Это был удар по его гордости: он-то считал, что для матери свет в окошке, а вышло… Черт знает, что вышло.
– А твой отец? – спросила Лена с опаской, боясь наступить на еще одну больную мозоль.
– Я его почти не знаю. Хотя сейчас отец мне очень и очень помог.
– Он тебя одобряет?
Стен ответил не сразу.
– Отец меня понимает. В жизни каждого есть такая черта, за которую ты не имеешь права переступать. У древних была такая поговорка: здесь вода останавливается. Все. Предел. Видимо, я к такой черте подошел. Вместе со всеми.
Стен то говорил вполне понятные вещи, то он начинал рассуждать на каком-то своем особенном языке. Как будто не от своего имени. Лене вдруг расхотелось спорить о высших материях. Если сказать честно, эти самые материи ее мало занимали, интересовал ее только Лешка. Их отношения. Какие еще, к черту, отношения? Он уедет, и они никогда больше не увидятся. Никогда. Вот и все отношения.

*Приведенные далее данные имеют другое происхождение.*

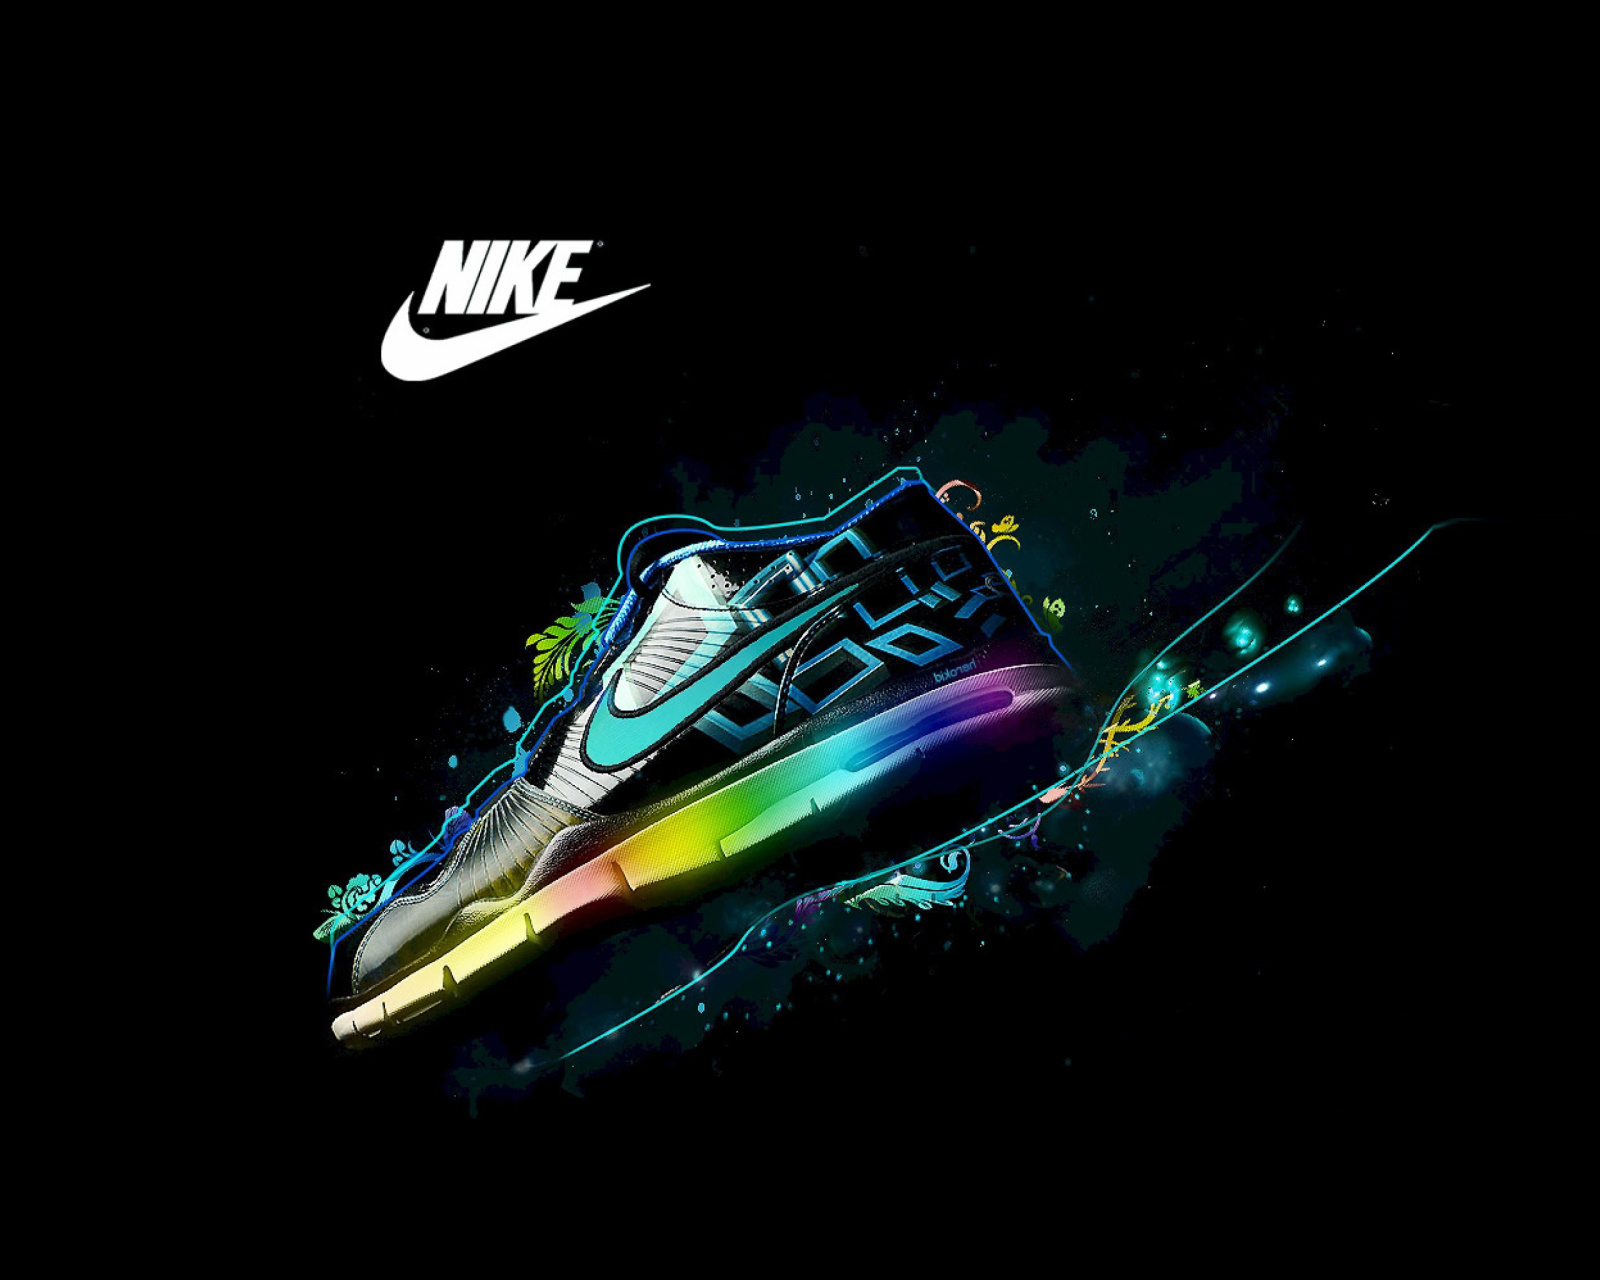 Обои Nike Logo and Nike Air Shoes 1600x1280
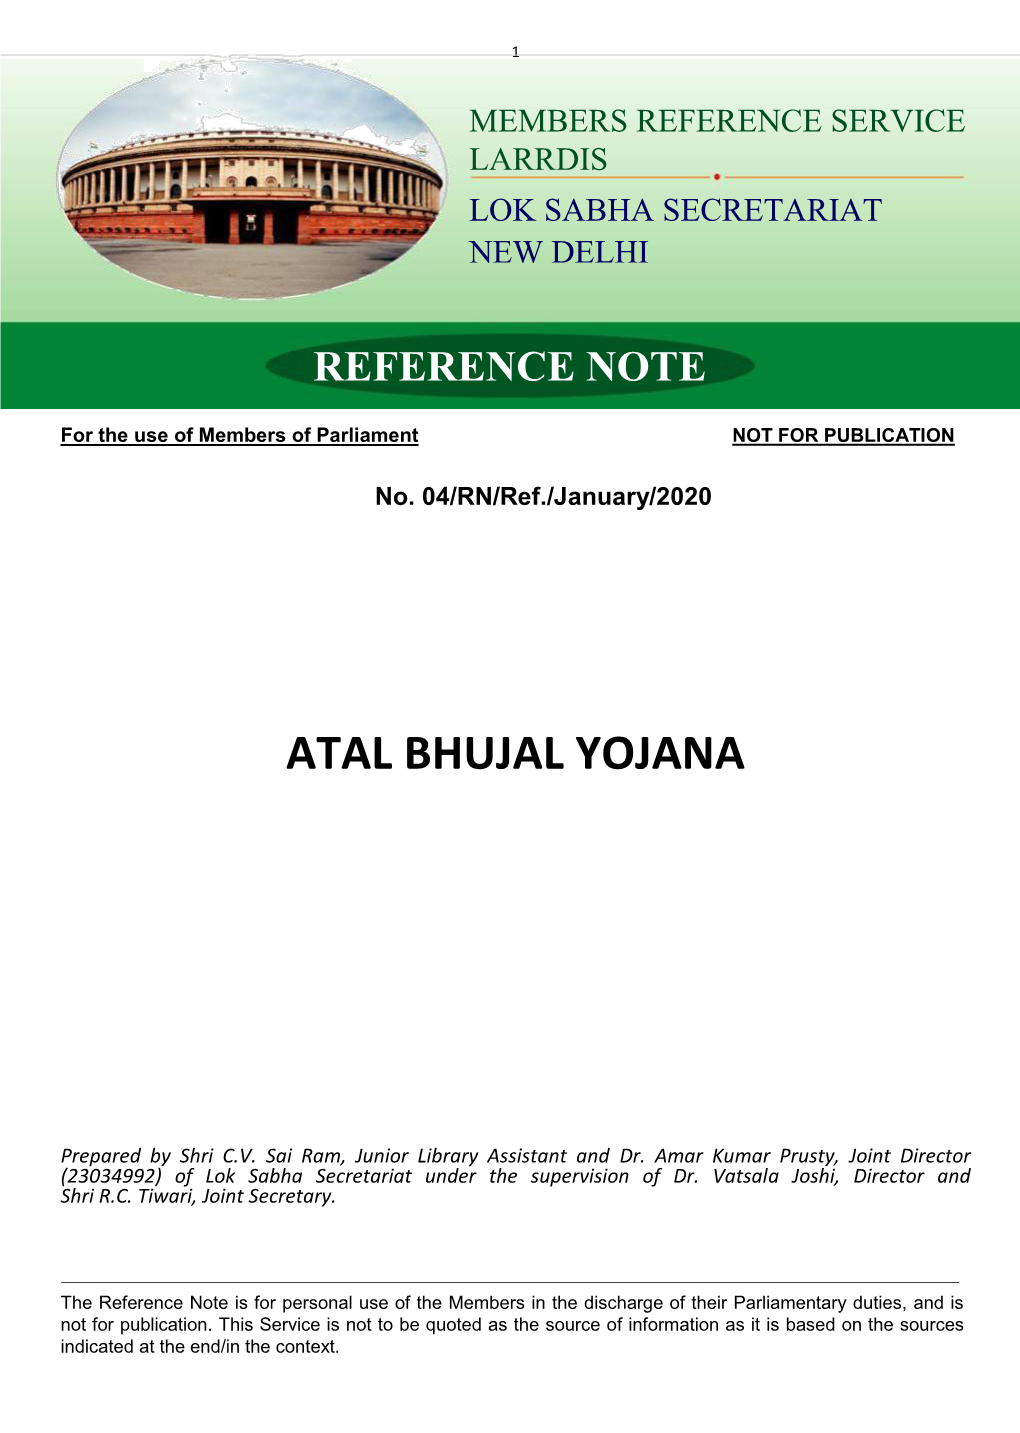 Atal Bhujal Yojana
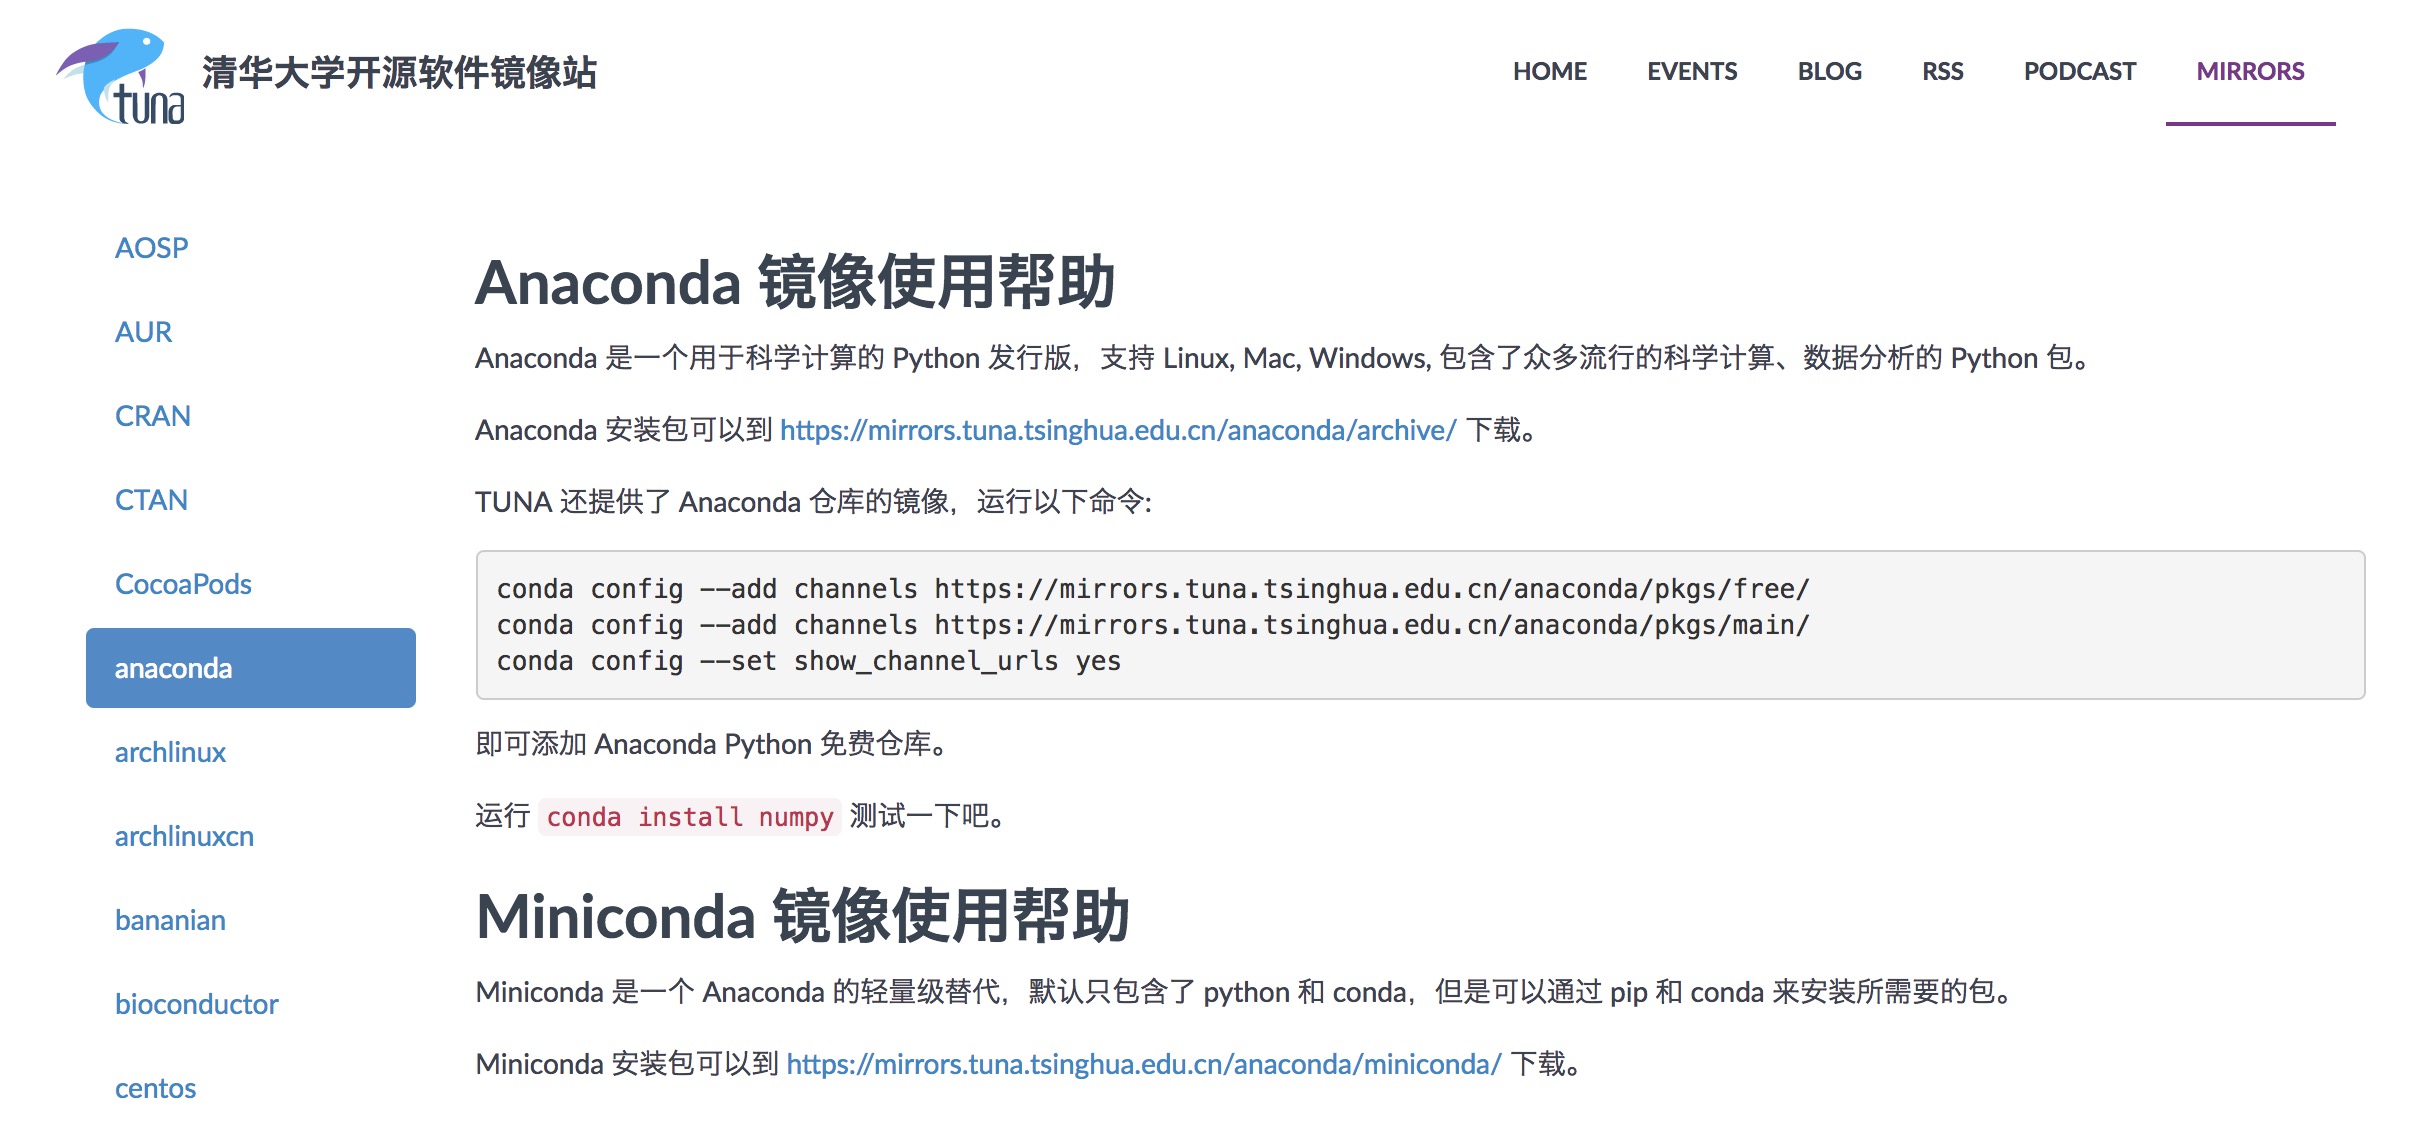 清华大学开源镜像Anaconda页面

– Ты мне будешь писать? – спросила она жалобно.
Стен пожал плечами, и этот жест мог означать все, что угодно – «не знаю», «может быть», «конечно».
Потом выяснилось, что пожатие плеч означало недоуменное «зачем?»
Лена подошла и, приподнявшись на цыпочки, поцеловала его в щеку. Потом отступила.
– Это ничего не изменит, – сказал Стен очень тихо, без тени издевки в голосе, и от этого его слова звучали еще обиднее, еще больнее.
Лена бросилась вон из комнаты. В прихожей столкнулась с Иваном Кирилловичем. От неожиданности она вскрикнула. В руках «старика» – а в мыслях Ленка именовала этого человека именно так – была точно такая же плетенка, как и у него на шее. В цветных косицах причудливо сверкала серебряная нить. В этот раз ожерелье показалось Ленке необыкновенно красивым.
– Ниточка живая? – спросила Ленка у «старика». Почему-то шепотом.
– Можно сказать, что да. Наверное, то, что я совершаю – безумие. Но все же… Вы позволите? – спросил Иван Кириллович так же очень тихо.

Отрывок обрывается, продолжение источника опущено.